I’ve tried reshaping the input array to be of shape (27, 8532) by using np.reshape((27, 8532)) and using both the low level wrapper and the standard Scipy implementation, this returns:

Variable Value
U0 1D array of shape (27,27)
Sigma 1D array of shape (27,)

Which, if I reshape the U0 array, gives me the same shapes as the C++ gets back from lapack, but my values are all quite different to those from the C++ results.

Is this simply a matter of reshaping the arrays in a different order somehow? And if so, how would I need to do this to ensure I get the same values back from the SVD calc as the C++ code?

EDIT
To provide some further context, if I run:

A = K0.reshape((27, 8532))
U0, Sigma, V0, info = scipy.linalg.svd(A)

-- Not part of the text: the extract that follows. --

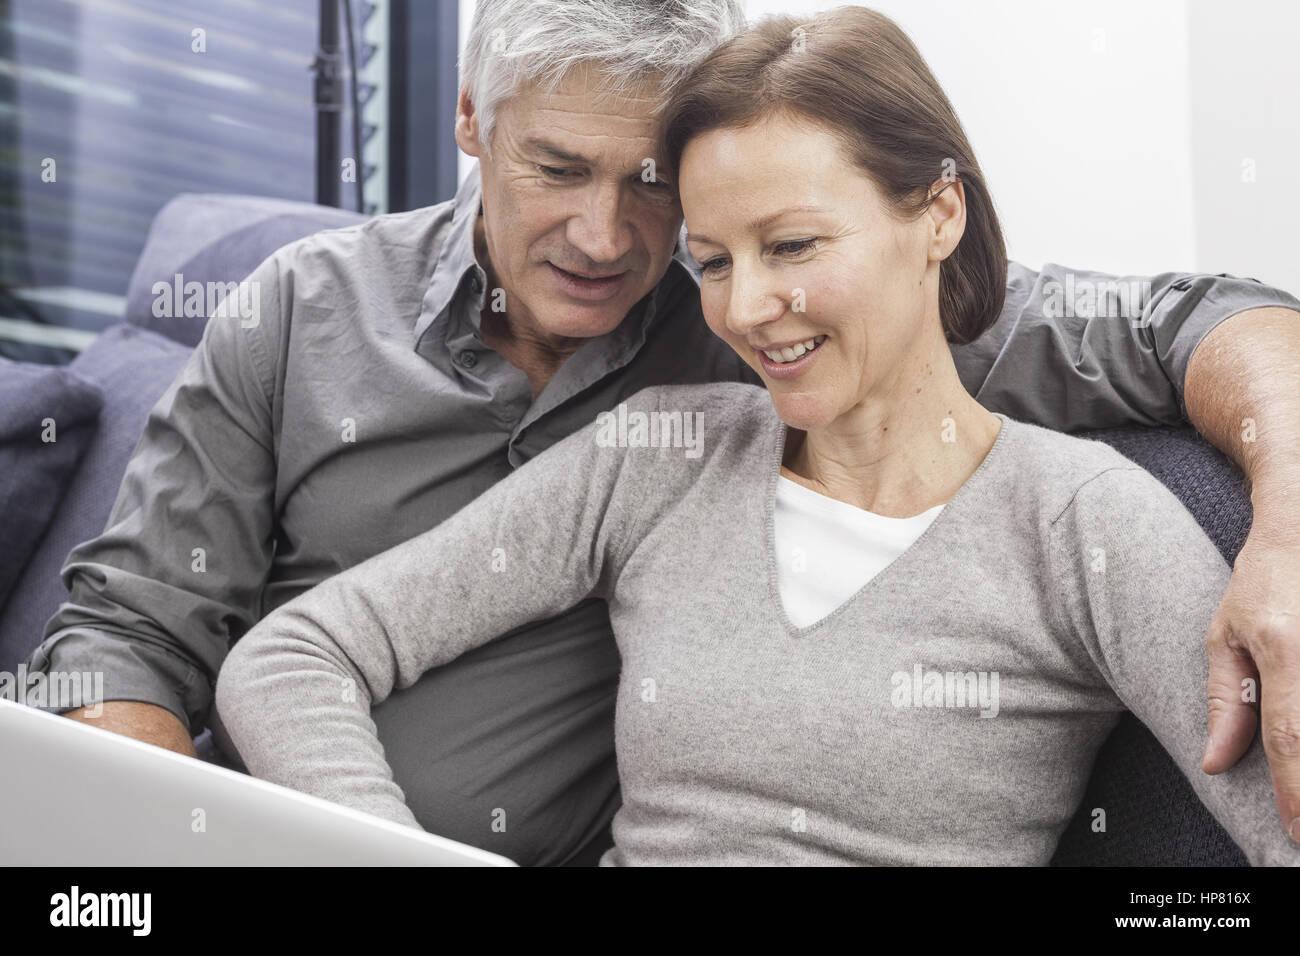 Paar sitzt auf Couch mit Laptop (model-released) Stock Photo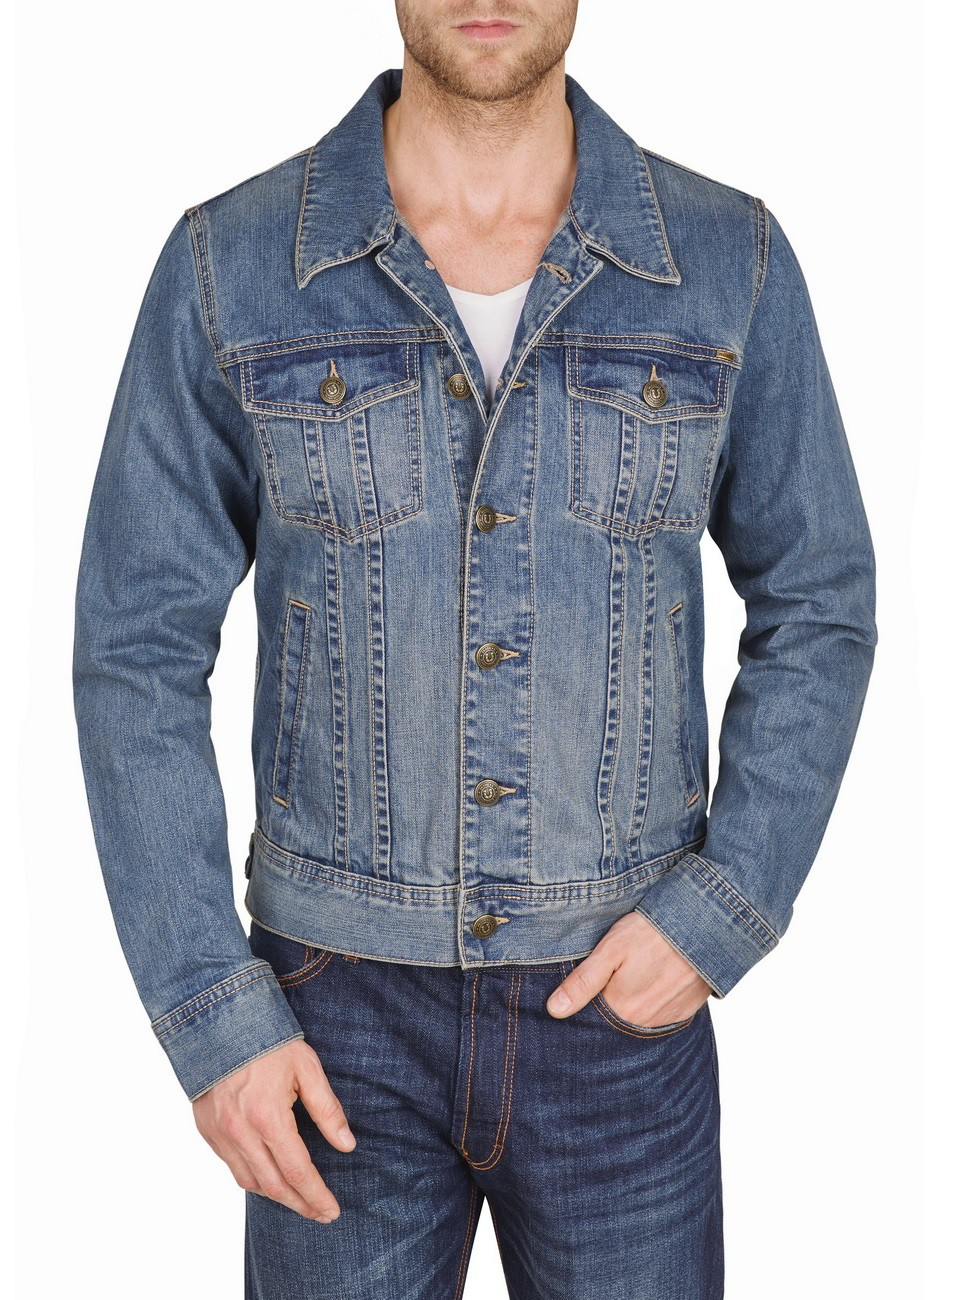 paddock s herren jeansjacke western jacket blau ebay. Black Bedroom Furniture Sets. Home Design Ideas

Here’s a screenshot of a comparison of the values I’m seeing from the C++ code and my Python version. You can see the input array K0 matches, but the values returned from the SVD calcs are different. The K0 array being parsed into the C++ lapack call is a 1D array, so it’s obviously converting it to a 2D array of shape (m, n) somehow behind the scenes – this is what I need to be able to mimic in Python to ensure I get the same answer out of the SVD.

enter image description here

2

Answers


  1. Chosen as BEST ANSWER

    Right, so I've been down a bit of a rabbit hole today, but think I've finally got this figured out.

    If anyone comes searching for this in the future, turns out the array being parsed to the lapack dgesvd function in the C++ code is column-major, so to get the same values in Python I needed to use the following to convert the 1D column-major array to a numpy array to use in scipy.linalg.svd, then flatten and reverse to convert back to give the same result as the C++ code:

    # Convert to a NumPy 2D array (using array constructor with order='F' for column-major)
    A = np.array(k0, order='F').reshape(cols_s, dofn3_f).T
    
    u, s, vt = linalg.svd(A, full_matrices=True)
    
    u = u.flatten('F')
    s = s.flatten('F')
    
    u0 = u[::-1]
    s0 = s[::-1]
    
    

  2. You should consider using scipy.linalg.svd instead of calling the underlying LAPACK routine.

    The code you pasted seems to only care about U and S from the svd so getting the result you want might be as simple as:

    U, S, _ = scipy.linalg.svd(K0)
    

    with SciPy handling all the underlying memory shapes for you. Here if K0 is (M,N) then U will be (M,M) which in your case should be (27,27) and have exactly 729 elements just like the C code.

    Calling the underlying LAPACK and BLAS code from python is often not needed as scipy has made wrappers for all the common routines.